> **Aim of the task**
Only the lines of the data below from the one with "12 Апреля день космонавтики. Поздравление" through the one with "Train route from Ulm to Plochingen" are wanted. Repeat them exactly.

[Opening Exercise materials section]

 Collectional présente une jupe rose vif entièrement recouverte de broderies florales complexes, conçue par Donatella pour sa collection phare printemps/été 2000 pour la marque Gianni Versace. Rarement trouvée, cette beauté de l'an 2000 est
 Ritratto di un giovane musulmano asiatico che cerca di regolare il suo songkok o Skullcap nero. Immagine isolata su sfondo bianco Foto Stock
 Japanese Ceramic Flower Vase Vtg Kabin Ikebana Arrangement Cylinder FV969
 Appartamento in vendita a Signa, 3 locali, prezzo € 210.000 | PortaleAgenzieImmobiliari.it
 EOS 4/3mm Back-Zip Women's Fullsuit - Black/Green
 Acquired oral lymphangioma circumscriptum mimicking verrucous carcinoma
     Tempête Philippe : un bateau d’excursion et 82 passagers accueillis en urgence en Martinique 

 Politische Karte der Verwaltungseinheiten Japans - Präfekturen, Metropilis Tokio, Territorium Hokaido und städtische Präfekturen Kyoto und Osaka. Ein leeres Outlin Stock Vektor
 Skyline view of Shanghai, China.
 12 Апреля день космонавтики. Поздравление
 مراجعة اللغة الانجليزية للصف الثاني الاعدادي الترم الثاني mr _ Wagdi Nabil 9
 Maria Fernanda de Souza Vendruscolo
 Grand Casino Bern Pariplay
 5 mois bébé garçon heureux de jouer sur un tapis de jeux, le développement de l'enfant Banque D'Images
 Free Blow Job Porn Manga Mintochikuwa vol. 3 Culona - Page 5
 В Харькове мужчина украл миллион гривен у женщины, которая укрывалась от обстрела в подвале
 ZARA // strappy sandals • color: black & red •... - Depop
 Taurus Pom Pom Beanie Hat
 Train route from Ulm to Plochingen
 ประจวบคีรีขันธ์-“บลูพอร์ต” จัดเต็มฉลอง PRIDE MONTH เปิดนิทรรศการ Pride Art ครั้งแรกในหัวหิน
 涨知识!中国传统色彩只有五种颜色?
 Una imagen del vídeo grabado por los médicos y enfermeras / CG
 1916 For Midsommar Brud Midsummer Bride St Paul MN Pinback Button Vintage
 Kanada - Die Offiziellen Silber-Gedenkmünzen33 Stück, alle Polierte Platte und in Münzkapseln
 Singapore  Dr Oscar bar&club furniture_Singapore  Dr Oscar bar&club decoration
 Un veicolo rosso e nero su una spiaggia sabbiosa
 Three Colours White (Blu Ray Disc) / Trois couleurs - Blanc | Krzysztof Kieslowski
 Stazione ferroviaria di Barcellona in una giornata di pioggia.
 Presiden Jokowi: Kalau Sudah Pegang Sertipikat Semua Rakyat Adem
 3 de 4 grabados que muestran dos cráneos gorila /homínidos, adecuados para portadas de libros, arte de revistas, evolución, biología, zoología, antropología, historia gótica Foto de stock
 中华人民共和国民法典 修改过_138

[Closing Exercise materials section]

> **Completed exercise**
 12 Апреля день космонавтики. Поздравление
 مراجعة اللغة الانجليزية للصف الثاني الاعدادي الترم الثاني mr _ Wagdi Nabil 9
 Maria Fernanda de Souza Vendruscolo
 Grand Casino Bern Pariplay
 5 mois bébé garçon heureux de jouer sur un tapis de jeux, le développement de l'enfant Banque D'Images
 Free Blow Job Porn Manga Mintochikuwa vol. 3 Culona - Page 5
 В Харькове мужчина украл миллион гривен у женщины, которая укрывалась от обстрела в подвале
 ZARA // strappy sandals • color: black & red •... - Depop
 Taurus Pom Pom Beanie Hat
 Train route from Ulm to Plochingen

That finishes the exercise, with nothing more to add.